Furthermore, Sesinyi highlighted recent workshops aimed at imparting basket weaving skills, as well as financial and marketing knowledge. He commended members for their promising work showcased at a recent presentation in Nokaneng.

“We are proud to say that we have around 50 members who have been trained and are now actively participating in producing baskets and other.”

Sesinyi emphasised the trust’s multifaceted plans including providing a market for members and residents within the communities surrounding the villages of Etsha and skill development amongst a few. He also highlighted the importance of creating a platform for cultural exchange and preserving as well as documenting culture through artistic expression.

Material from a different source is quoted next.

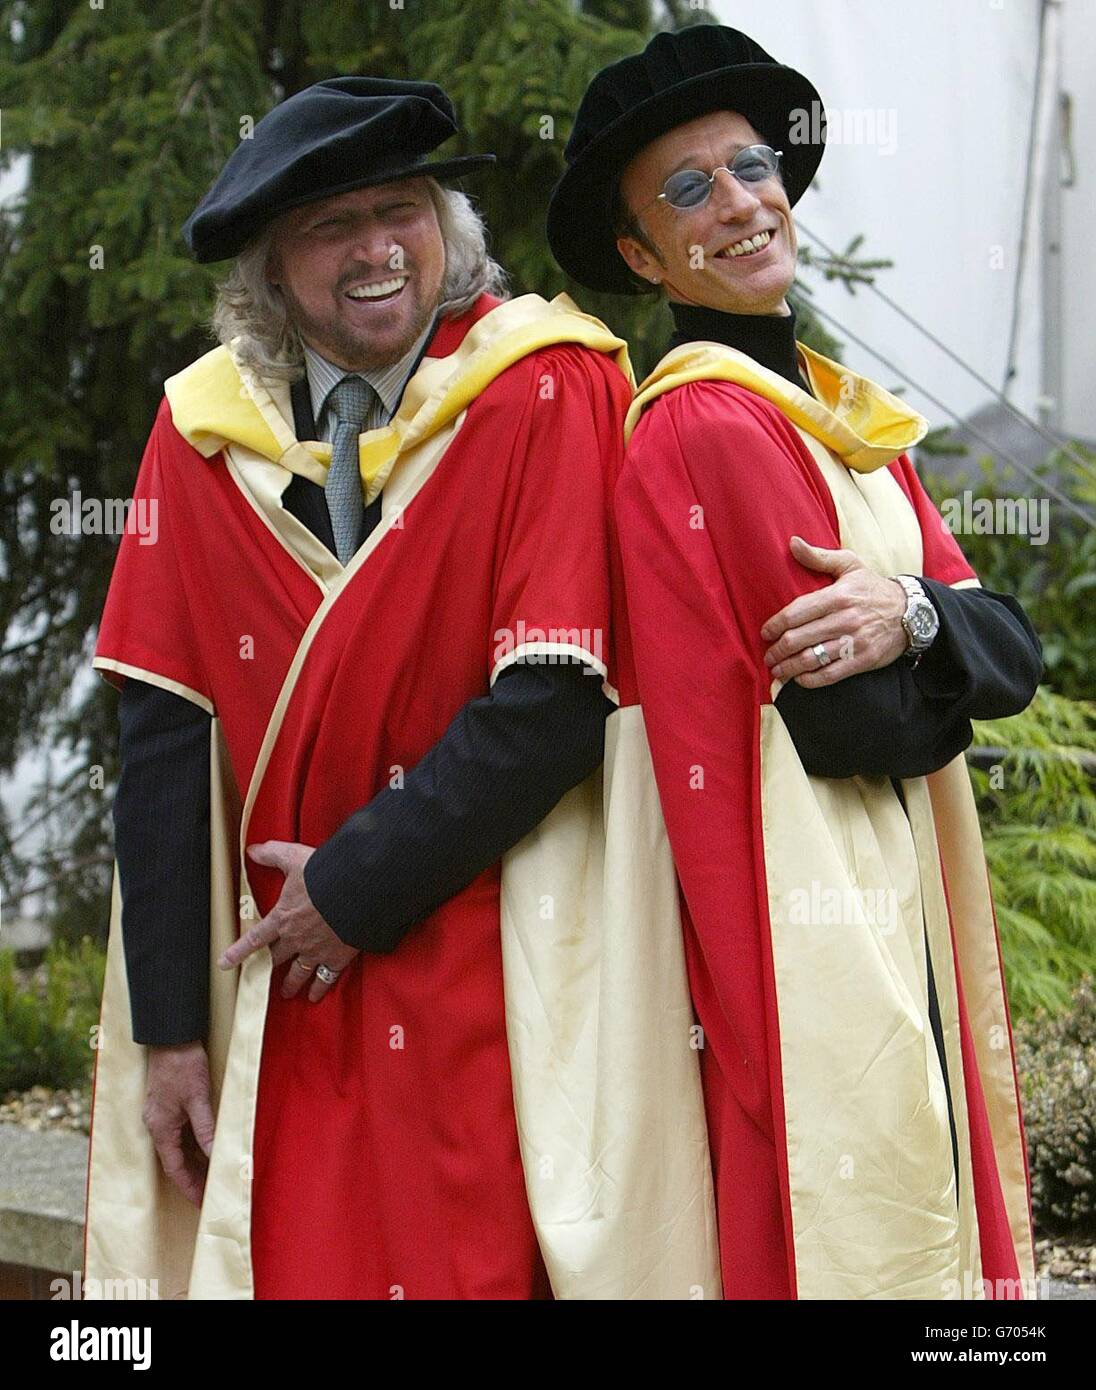 Die Bee Gees, Barry (links) und Robin Gibb posieren für Fotografen, nachdem sie den Ehrendoktortitel (Doktor der Musik) an der Universität von Manchester erhalten haben. Die Brüder nahmen auch einen posthumen Ehrendoktortitel im Namen ihres verstorbenen Bruders Maurice an, der im Januar 2003 starb. Stockfoto

“This trust is primarily constituted by elderly women, some of whom cannot read or write. Basket weaving serves as an artistic medium for these women to share their experiences,” explained Sesinyi. “Each basket tells a story woven within its patterns, a cultural practice that must be conserved as a cornerstone of Botswana.”

Sesinyi shared that exciting collaborations have been underway, with the Trust currently having a year partnership which Exombakhian Family to share skills and knowledge in marketing and financial education. Sesinyi emphasised the active engagement with stakeholders and the tourism sector to create a market for basket weaving products.

The market for Botswana’s woven products has also expanded beyond local communities, attracting interest both domestically and internationally. Tourists visiting Botswana often seek out handmade crafts, including intricately woven baskets, as souvenirs of their experience. Additionally, there is growing appreciation for the authenticity and craftsmanship of traditional African artistry in global markets, leading to increased demand for Botswana’s woven products.

Through the revival of traditional practices, members of the Ngamiland Weavers Trust are not only preserving their identity but also creating sustainable livelihoods. With each intricately woven basket, they weave a brighter future for themselves and their communities, embodying the spirit of resilience and entrepreneurship.